There must be a smarter way than the following. 
However, this is rather easy to implement:
We iterate (recursively) over the transaction (decision) tree vertices $v$ and check whether there is a rooted subgraph isomorphism from pattern to the transaction mapping the root of pattern to $v$.
This is decided by (again) recursion over pattern and transaction simultaneously, as long as it fits.

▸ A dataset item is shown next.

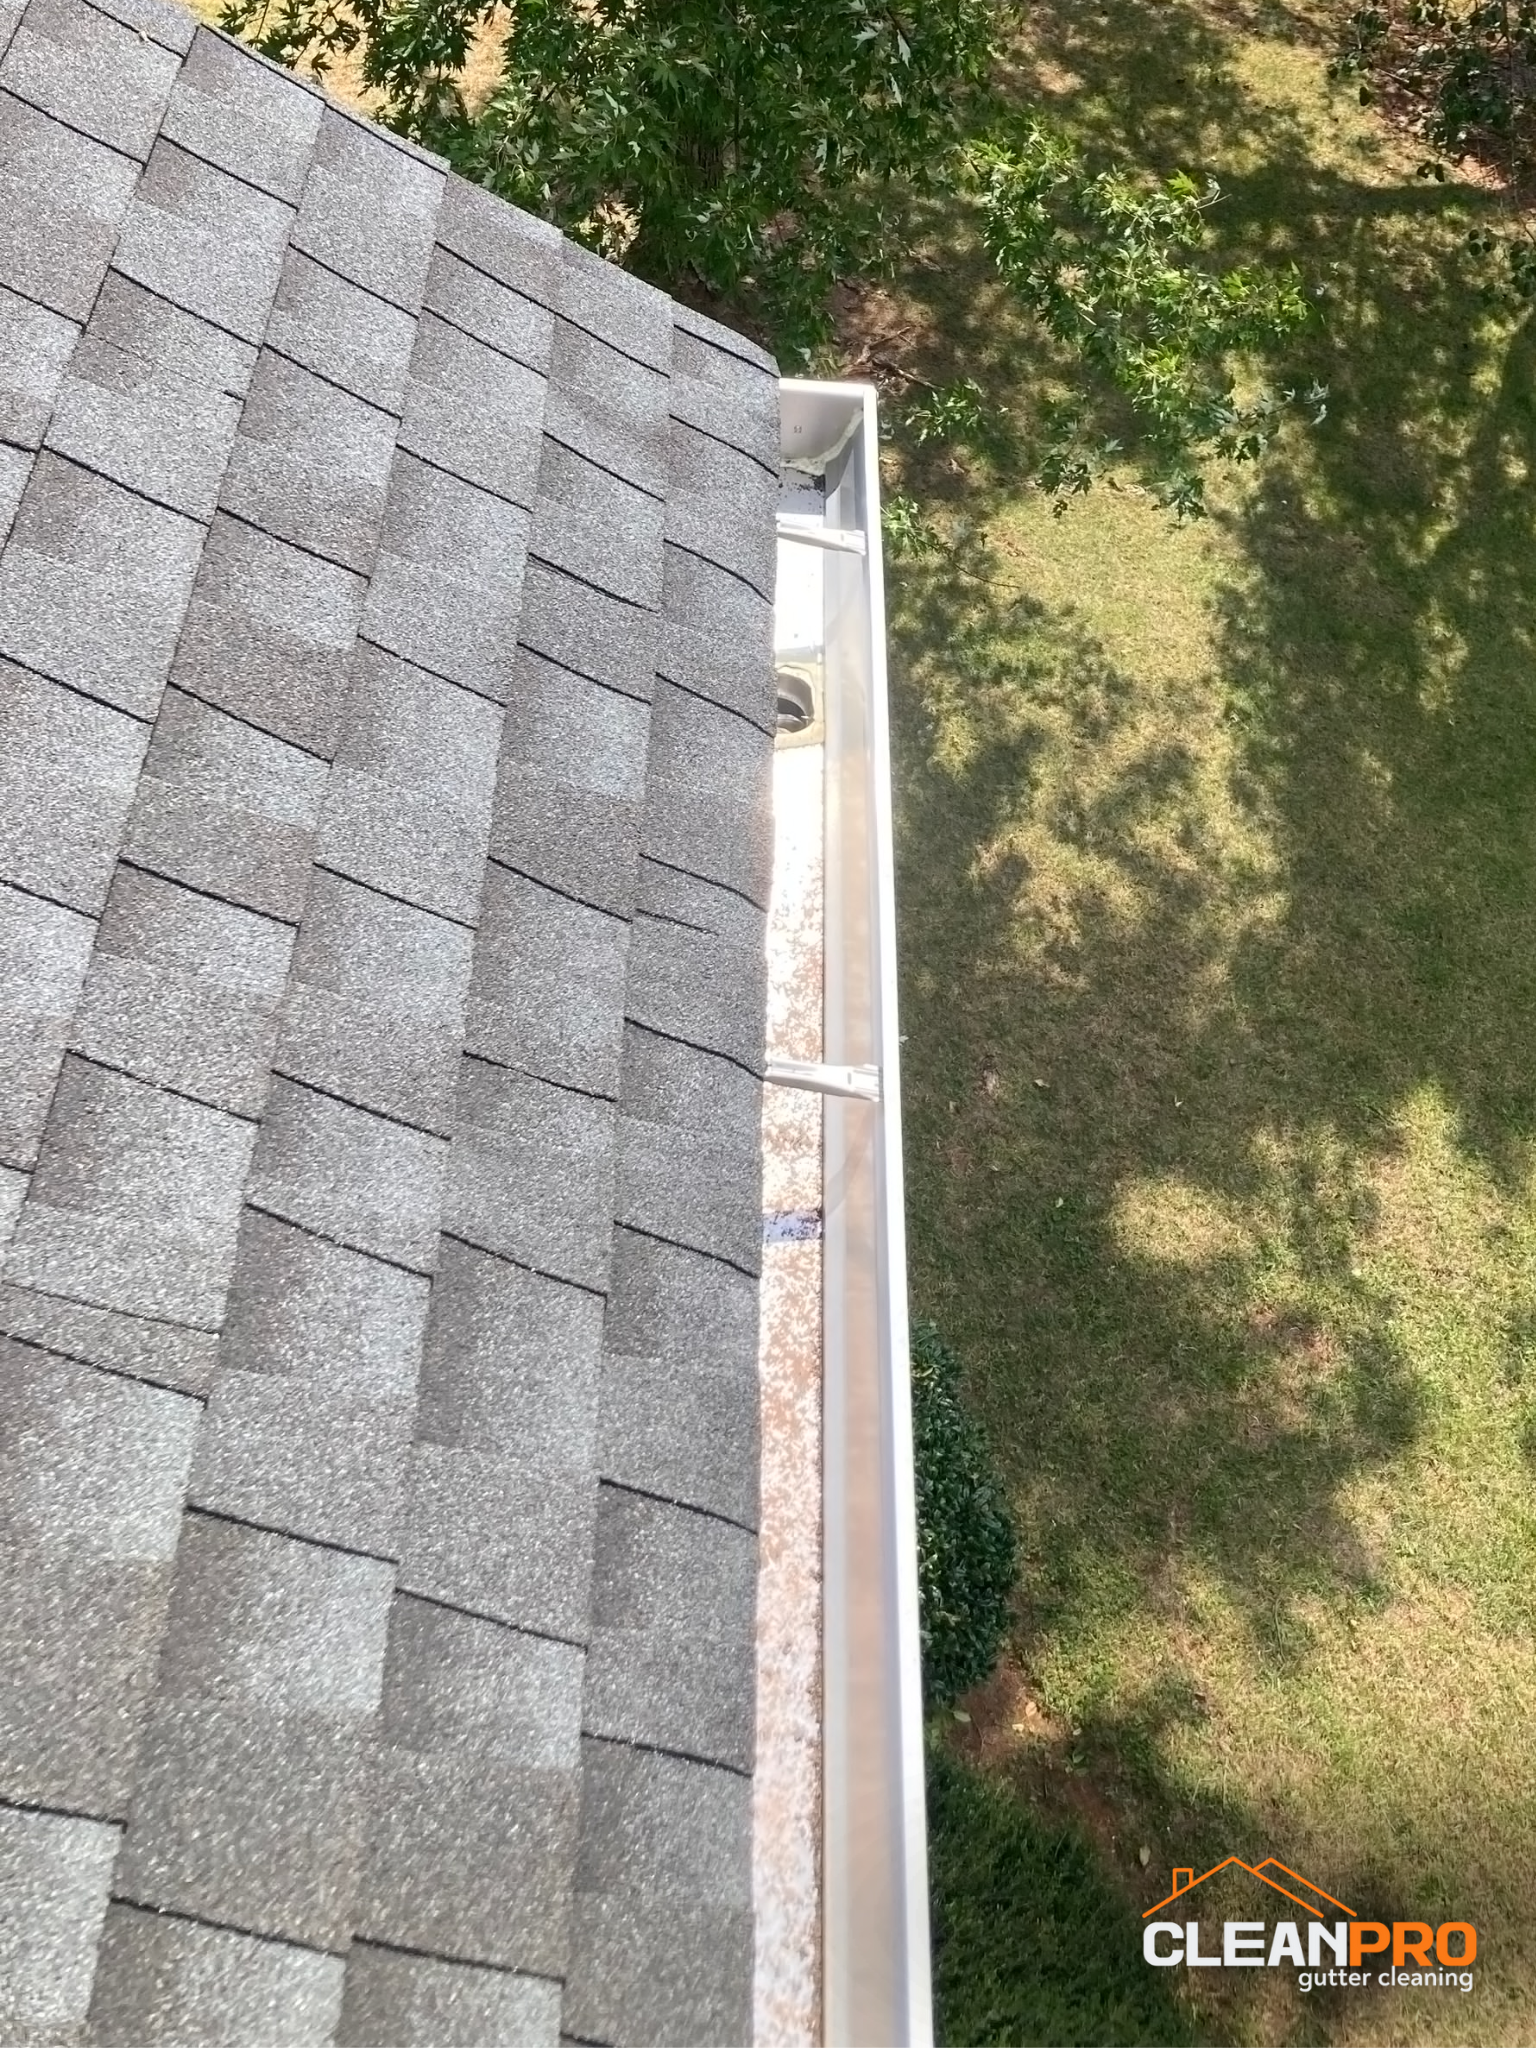 Local Gutter Cleaning in Detroit

We'll see whether this is fast enough for our case. Its something along $O(n * p)$ where $n$ and $p$ are the numbers of vertices of transactions and patterns, respectively.

In [6]:
def printInfo(pattern, transaction, where):
    print(where)
    print('p: ' + str(pattern))
    print('t: ' + str(transaction))


def recSearch(pattern, transaction, mapping):
    # check if we are in a leaf vertex in both pattern and transaction
    if 'prediction' in pattern.keys() and 'prediction' in transaction.keys():
        mapping[pattern['id']] = transaction['id']
        return True
    
    # check if we are in a split vertex in both pattern and transaction
    if 'feature' in pattern.keys() and 'feature' in transaction.keys():

        # check if split features match
        if pattern['feature'] == transaction['feature']:
            
            foundLeft = True
            foundRight = True
            if 'leftChild' in pattern.keys():
                if 'leftChild' in transaction.keys():
                    foundLeft = recSearch(pattern['leftChild'], transaction['leftChild'], mapping)    
                else:
                    foundLeft = False
                
            if 'rightChild' in pattern.keys():
                if 'rightChild' in transaction.keys():
                    foundRight = recSearch(pattern['rightChild'], transaction['rightChild'], mapping)
                else:
                    foundRight = False
                
            if foundLeft and foundRight:
                mapping[pattern['id']] = transaction['id']
                return True
            else:
                return False
            
    # if we are in the mixed case split vertex vs. leaf vertex then we cannot map the vertices on each other
    return False


def searchEmbedding(pattern, transaction):
    '''For two given root vertices, check whether pattern is a rooted 
    subtree and return a mapping id->id if so, o/w None'''
    
    mapping = dict()
    if recSearch(pattern, transaction, mapping):
        return mapping
    else:
        return None
    
    
def allEmbeddingsRec(pattern, transaction, result):
    print('process transaction vertex id ' + str(transaction['id']))
    if 'feature' in transaction.keys():
        if 'leftChild' in transaction.keys():
            allEmbeddingsRec(pattern, transaction['leftChild'], result)
        if 'rightChild' in transaction.keys():
            allEmbeddingsRec(pattern, transaction['rightChild'], result)
    
    result.append((transaction['id'], searchEmbedding(pattern, transaction)))
    return result


def allEmbeddings(pattern, transaction):
    embeddingsAndNone = allEmbeddingsRec(pattern, transaction, list())
    return embeddingsAndNone #list(filter(lambda x: x != None, embeddingsAndNone))


In [7]:
for transaction in j:
    print(allEmbeddings(j[0], transaction))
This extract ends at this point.